Ouch.  I don't have any advice per say, just sympathizing with what must be a frustrating situation...


----------



## RCoon (May 13, 2016)

Caring1 said:


> Is the post code lighting up when you power on?



This. Getting and LED lights at all on the MoBo?


----------



## qubit (May 13, 2016)

@neatfeatguy Mobo short against the case maybe?


----------



## jboydgolfer (May 13, 2016)

you didnt pull the jumper off did You?


----------



## neatfeatguy (May 13, 2016)

Jetster said:


> No bios switch? Any chance you got some liquid somewhere? Reset the memory and CPU try again. Could be dead
> 
> When you bench test don't plug anything but a keyboard and monitor. Nothing else. So no drives
> One time I used too much alcohol on the CPU and got some in the socket. No boot



I only took the fans and gpu out, cleans them off and put them back. I didn't touch the heatsink or cpu fan.



CAPSLOCKSTUCK said:


> take it all apart and start again.



That's basically what I did. Everything came out. Only the MB and psu are plugged in while resting atop a cardboard box. 



Caring1 said:


> Is the post code lighting up when you power on?





RCoon said:


> This. Getting and LED lights at all on the MoBo?

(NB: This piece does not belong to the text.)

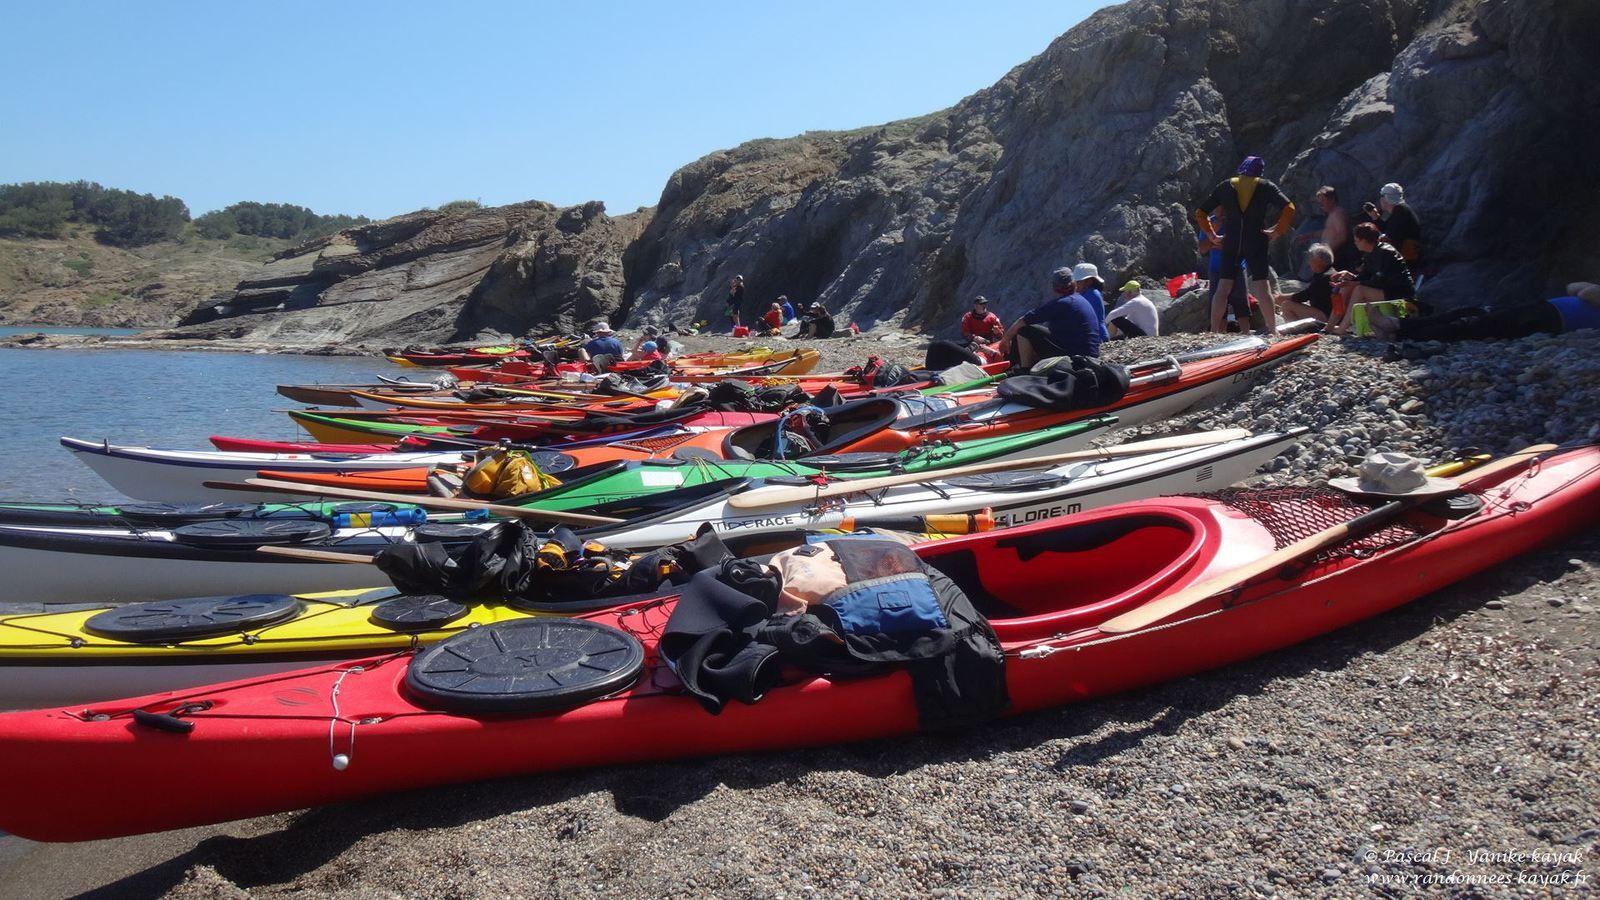 Pagaia 2017 : VIIème symposium international de kayak de mer (2/2)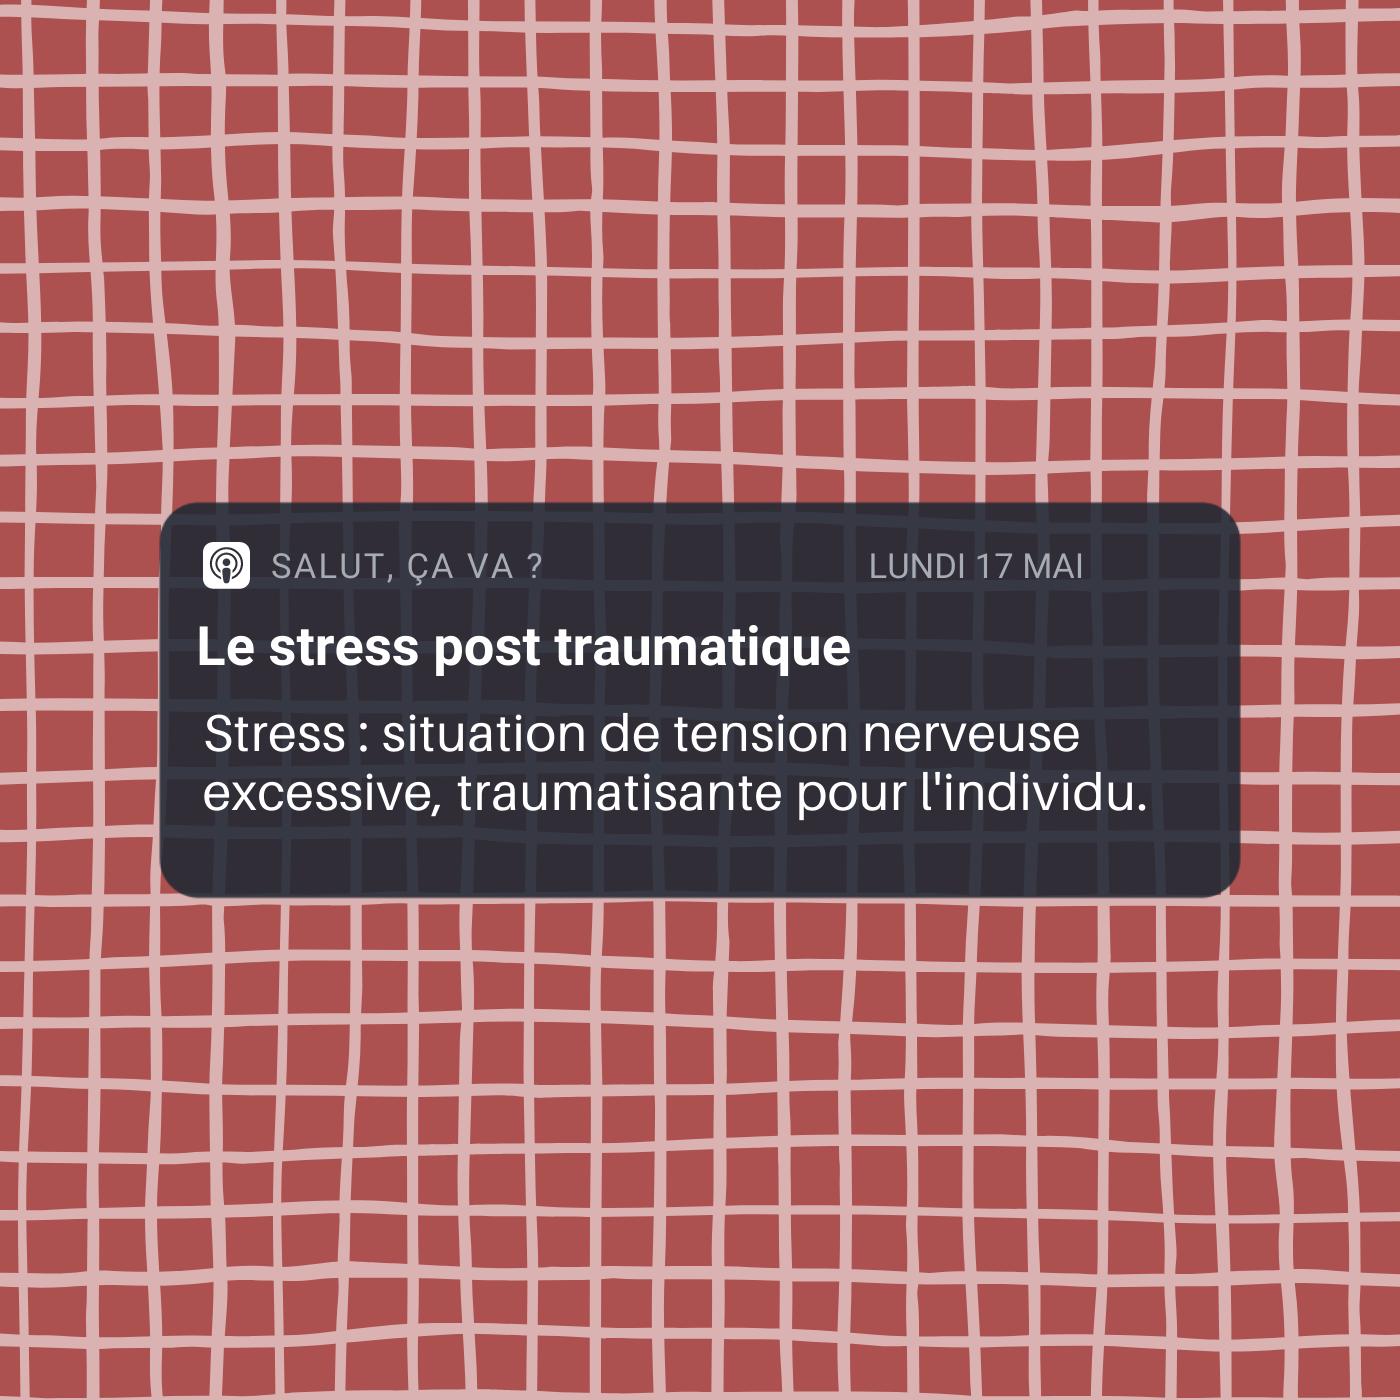 Le stress post traumatique

Nothing. No LED code. I've pulled the CMOS battery as well and tried 2 psu,  no lights on the MB.



qubit said:


> @neatfeatguy Mobo short against the case maybe?



I don't how since she's out of the tower. This was my initial thought, but I don't get any response on the mb when she's out of the tower.



jboydgolfer said:


> you didnt pull the jumper off did You?



No, nothing has been pulled, bent or damaged that I can tell from a visual inspection.


----------



## qubit (May 13, 2016)

Ok, perhaps the mobo is dead then, unfortunately.


----------



## JrockTech (May 13, 2016)

Sounds like it's dead. But what would cause no power to go through at all? The motherboard must have gotten damaged badly.


----------



## P4-630 (May 13, 2016)

Did the motherboard got an static electricity charge from yourself accidently?


----------



## neatfeatguy (May 13, 2016)

P4-630 said:


> Did the motherboard got an static electricity charge from yourself accidently?



I wouldn't think it did. I was barefoot and in shorts/t-shirt. Tower was sitting on top of the wooden table I was using.

Here's what I did last night after I turned the computer off to do some spring cleaning:
I powered off the computer.
I turned the PSU power switch off and pulled the power cable from it. I waited about 30 seconds and then started unplugging all other cables.
I took the case and set it on the wooden table. I removed the side panel and set it on the chair next to me. I removed the top grill and front grill to access fan screws.
I removed the fan filters on the case.
I took out 5 fans and the GPU (after disconnecting the power cables).
I took canned air and sprayed out the GPU and then using a small brush I cleaned off the fins on the fans and brushed off the heatsink on the GPU some (what I could reach without removing the shroud).
I brushed off the case fans.
I used canned air to blow out the fan filters.
I put the GPU back in, all fans back in and put all fan filters back. I checked to make sure everything was plugged back in with the appropriate power cables.
I moved the tower back to it's rightful location, plugged in the keyboard/mouse, monitors, speakers, printer, ethernet and PSU power cord. I flipped the power switch on the PSU and pressed the power button - no response.

Here's the steps I took for troubleshooting:
Unplugged everything from the I/O. I flipped the power switch on the PSU off. I unplugged and replugged the power cable on both ends, switch the PSU on, press button on the tower - no response.
I moved the tower back to the table and plugged the power cable into a different outlet - no response.
Thinking the MB may be shorting out somehow I unplugged everything from the MB. I only have the H100i, 1 stick of RAM and the PSU plugged in with the MB sitting on a cardboard box - no response. No LED.
Thinking maybe the PSU went dead I did the paperclip test - she turns on.
Just to be safe, I grabbed my spare 750W Seasonic 80 Gold and plugged her into the MB - no response.
I did the paperclip test on the Seasonic -  powers up.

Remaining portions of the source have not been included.